Watch My Money

by openclaw

skill

Analyze bank transactions, categorize spending, track monthly budgets, detect overspending and anomalies. Outputs interactive HTML report.

Skill Details

Repository Files

5 files in this skill directory


name: watch-my-money description: Analyze bank transactions, categorize spending, track monthly budgets, detect overspending and anomalies. Outputs interactive HTML report. triggers:

  • "track spending"
  • "check my budget"
  • "analyze transactions"
  • "what did I spend on"
  • "am I overspending"
  • "budget tracker"
  • "spending analysis"
  • "monthly expenses" formats:
  • CSV bank exports
  • Text transaction lists outputs:
  • Interactive HTML report
  • JSON data export
  • Console summary privacy: local-only

watch-my-money

Analyze transactions, categorize spending, track budgets, flag overspending.

Workflow

1. Get Transactions

Ask user for bank/card CSV export OR pasted text.

Common sources:

  • Download CSV from your bank's online portal
  • Export from budgeting apps
  • Copy/paste transactions from statements

Supported formats:

  • Any CSV with date, description, amount columns
  • Pasted text: "2026-01-03 Starbucks -5.40 CHF"

2. Parse & Normalize

Read input, normalize to standard format:

  • Auto-detect delimiter (comma, semicolon, tab)
  • Parse dates (YYYY-MM-DD, DD/MM/YYYY, MM/DD/YYYY)
  • Normalize amounts (expenses negative, income positive)
  • Extract merchant from description
  • Detect recurring transactions (subscriptions)

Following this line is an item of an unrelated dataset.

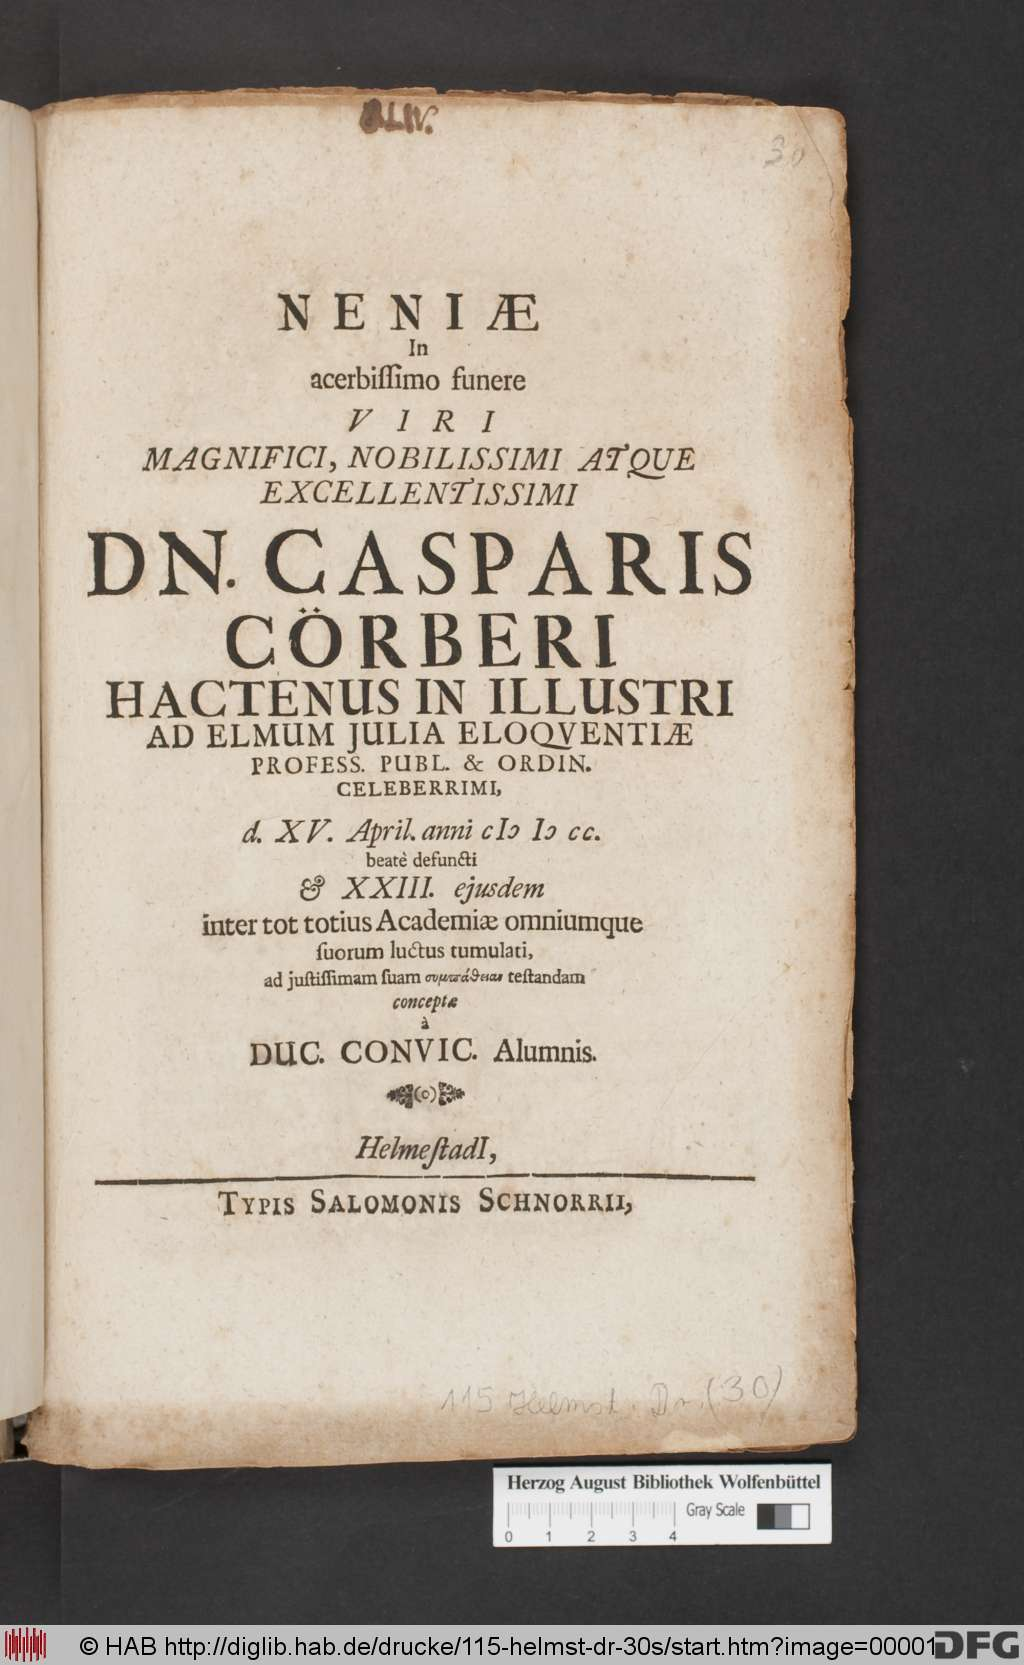 https://diglib.hab.de/drucke/115-helmst-dr-30s/00001.jpg

3. Categorize Transactions

For each transaction, assign category:

Categories:

  • rent, utilities, subscriptions, groceries, eating_out
  • transport, travel, shopping, health
  • income, transfers, other

Categorization order:

  1. Check saved merchant overrides
  2. Apply deterministic keyword rules (see common-merchants.md)
  3. Pattern matching (subscriptions, utilities)
  4. Heuristic fallback

For ambiguous merchants (batch of 5-10), ask user to confirm. Save overrides for future runs.

4. Check Budgets

Compare spending against user-defined budgets.

Alert thresholds:

  • 80% - approaching limit (yellow)
  • 100% - at limit (red)
  • 120% - over budget (red, urgent)

See budget-templates.md for suggested budgets.

5. Detect Anomalies

Flag unusual spending:

  • Category spike: spend > 1.5x baseline AND delta > 50
  • Subscription growth: subscriptions up > 20%
  • New expensive merchant: first appearance AND spend > 30
  • Potential subscriptions: recurring same-amount charges

Baseline = previous 3 months average (or current month if no history).

6. Generate HTML Report

Create local HTML file with:

  • Month summary (income, expenses, net)
  • Category breakdown with budget status
  • Top merchants
  • Alerts section
  • Recurring transactions detected
  • Privacy toggle (blur amounts/merchants)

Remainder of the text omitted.